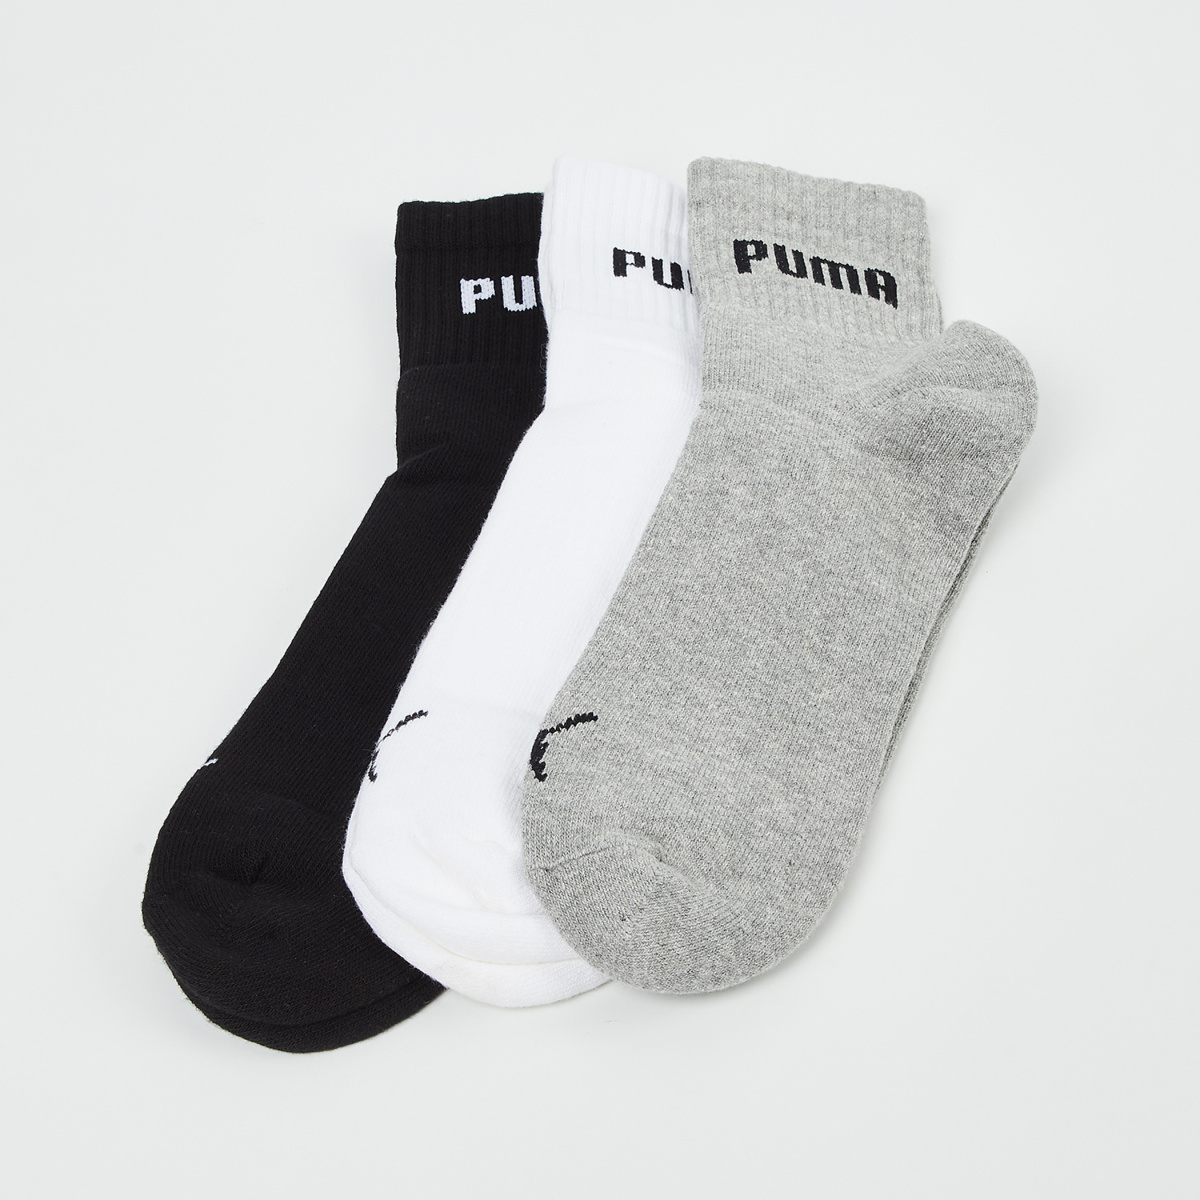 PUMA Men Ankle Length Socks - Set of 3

------------------------------------------------

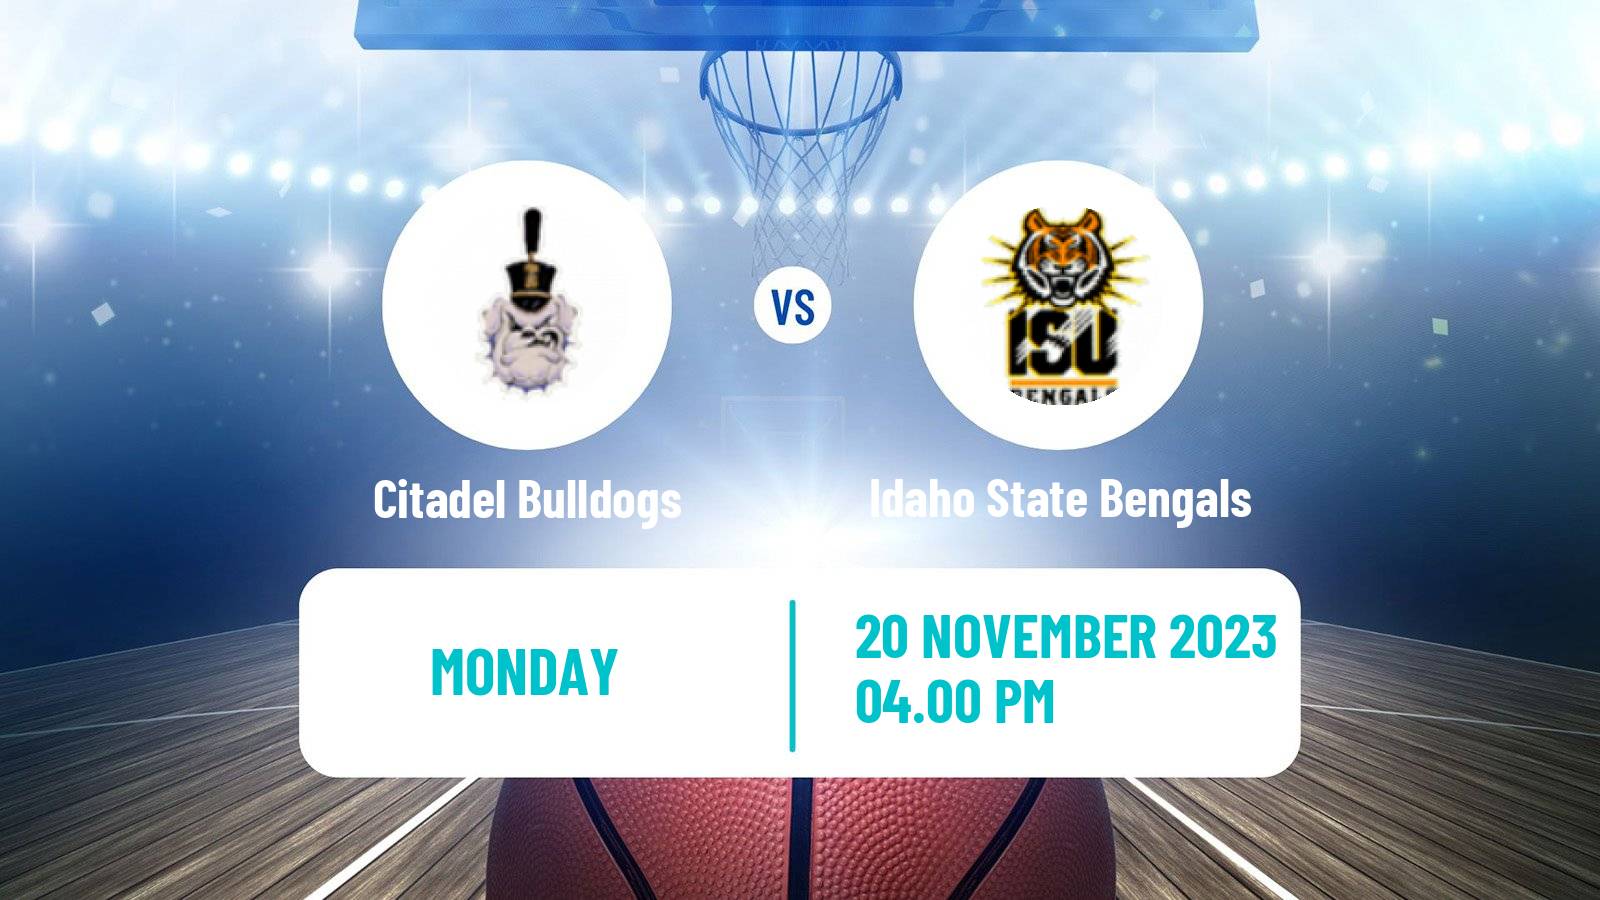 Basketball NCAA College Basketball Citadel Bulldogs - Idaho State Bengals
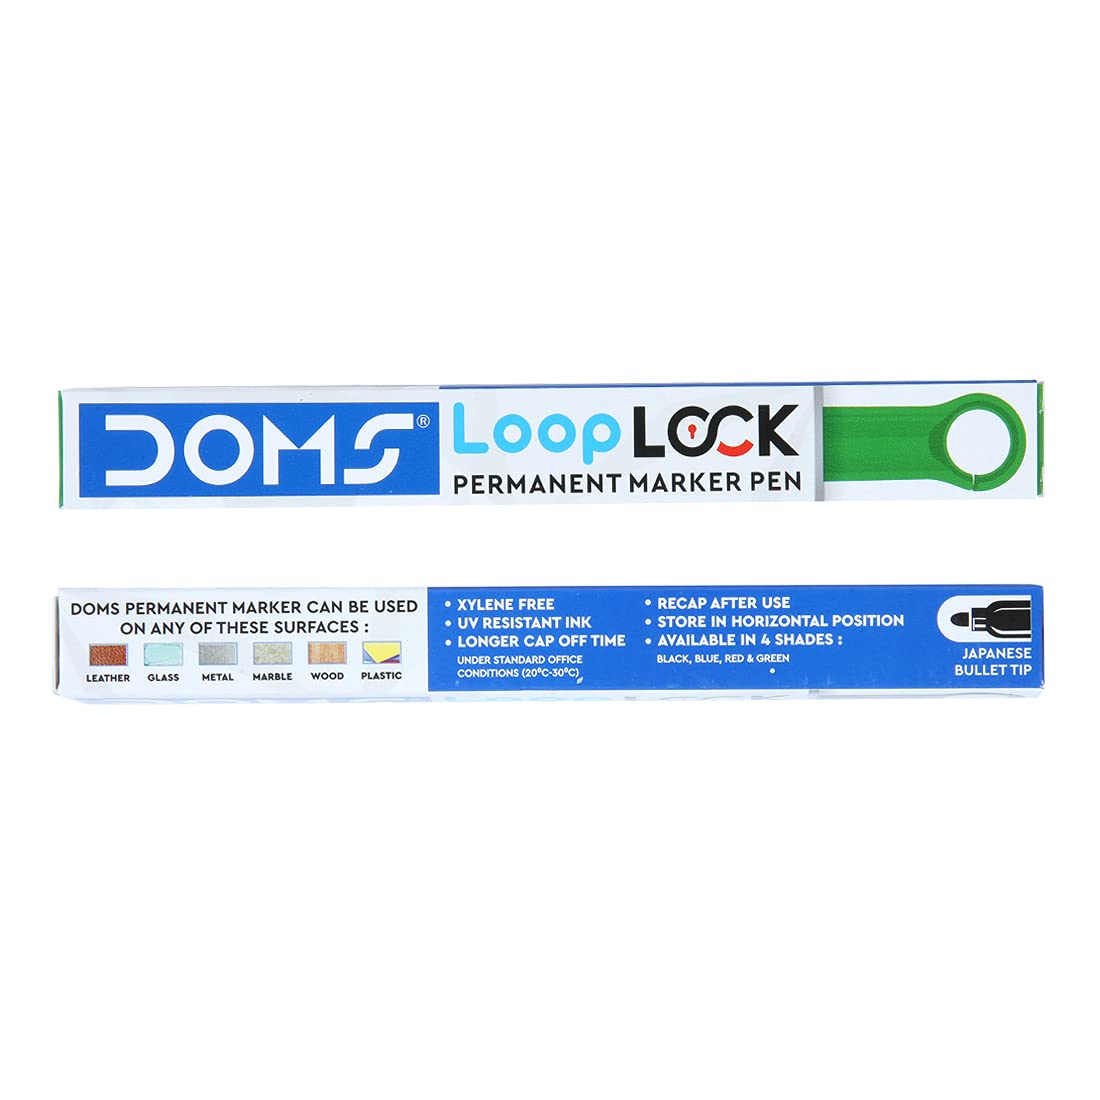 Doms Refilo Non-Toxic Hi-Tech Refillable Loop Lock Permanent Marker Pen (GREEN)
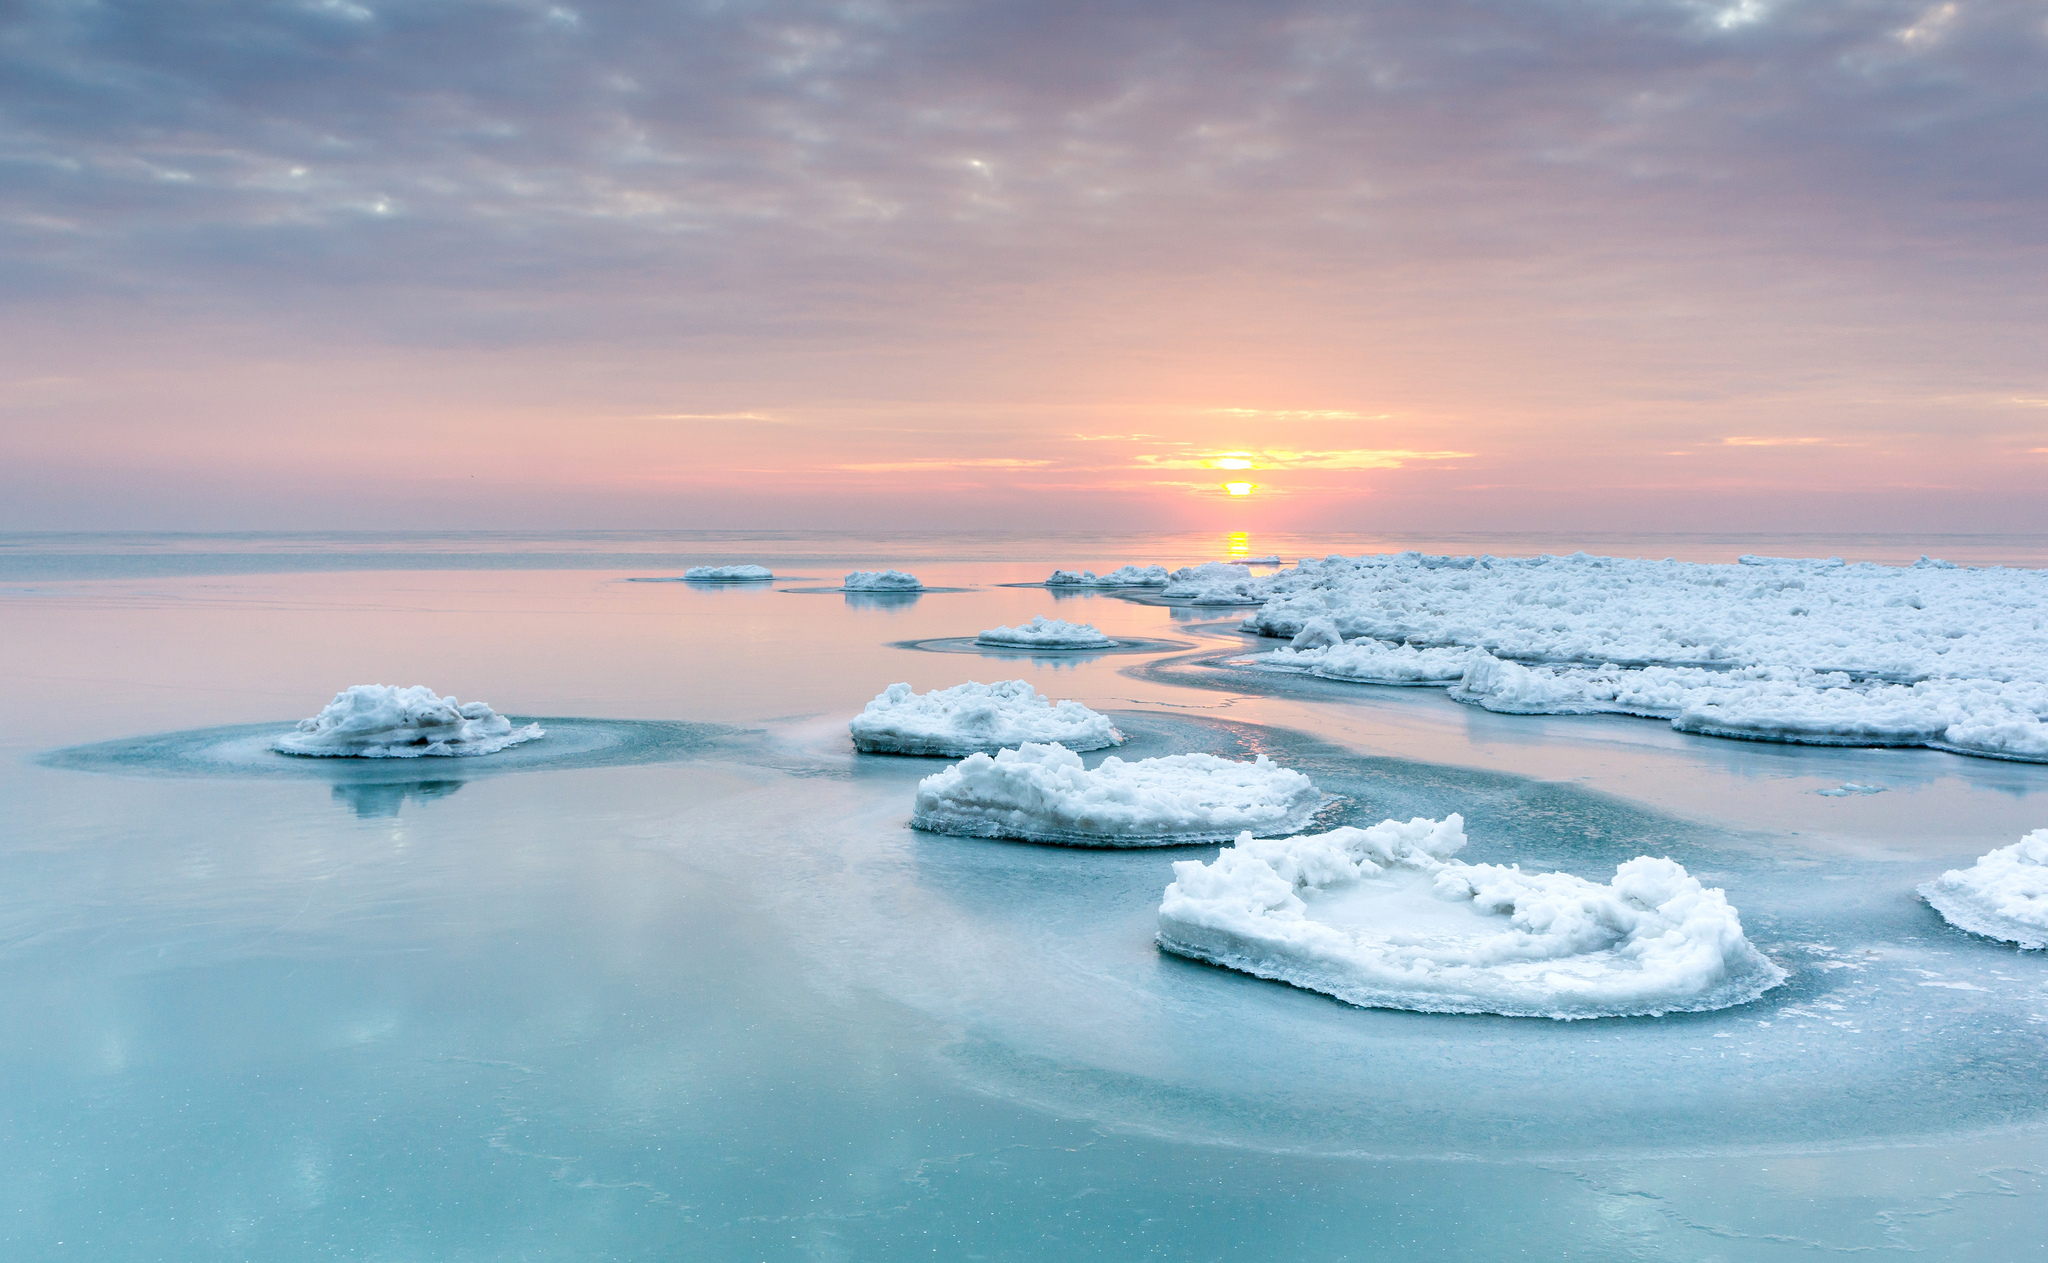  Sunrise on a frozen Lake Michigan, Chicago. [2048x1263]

------------------------------------------------

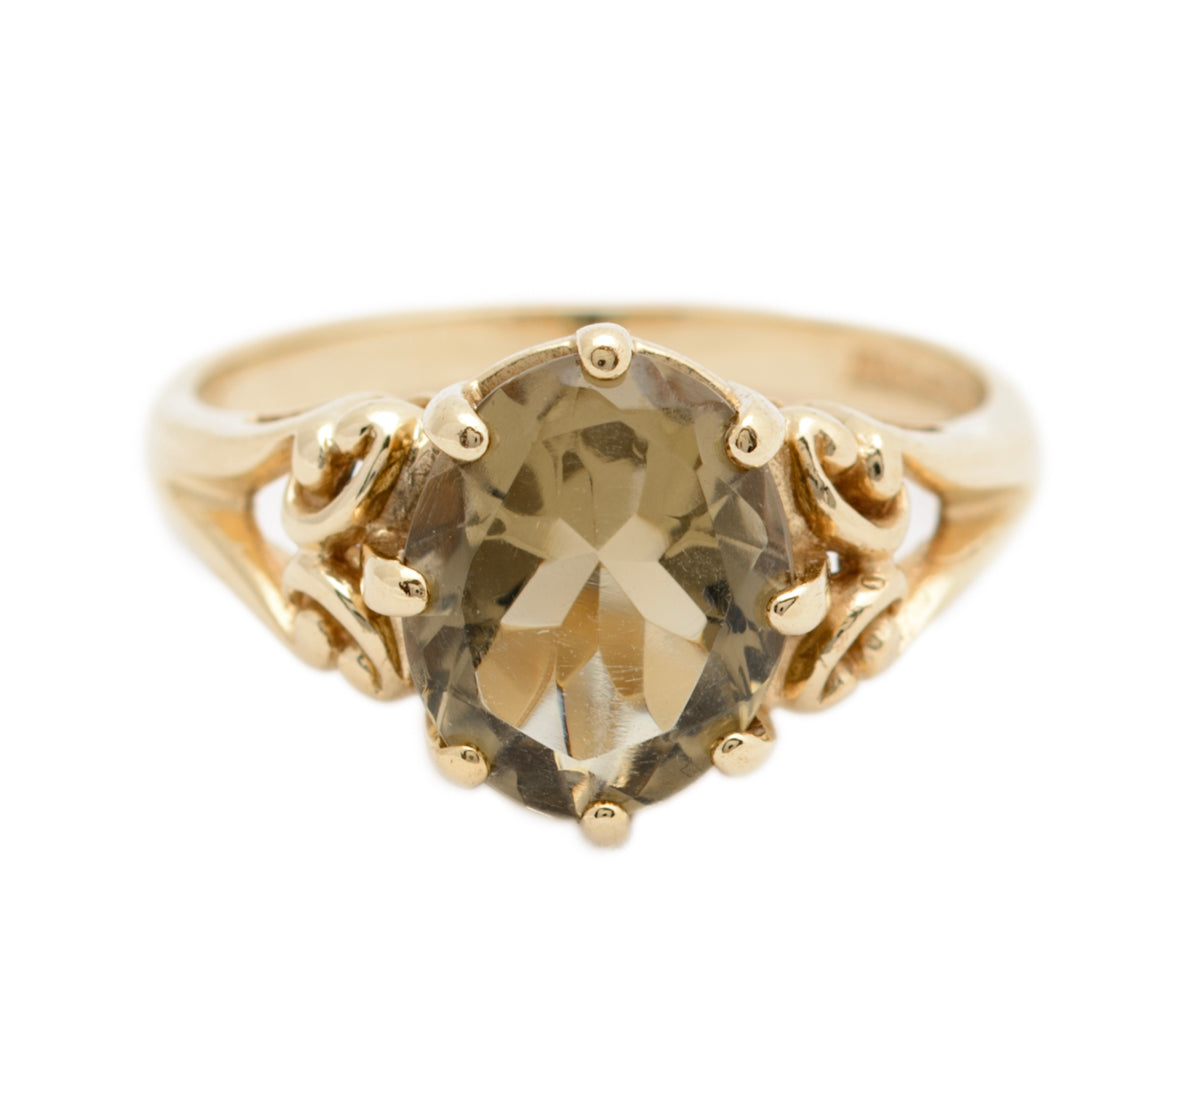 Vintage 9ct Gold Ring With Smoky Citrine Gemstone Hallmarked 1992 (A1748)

------------------------------------------------

## Task item
Print nothing except the lines above from the one containing "Basketball NCAA College" down to the one containing "Sunrise on a", both included, exactly as written and free of pictures.

## Reply
 Basketball NCAA College Basketball Citadel Bulldogs - Idaho State Bengals
 Doms Refilo Non-Toxic Hi-Tech Refillable Loop Lock Permanent Marker Pen (GREEN)
  Sunrise on a frozen Lake Michigan, Chicago. [2048x1263]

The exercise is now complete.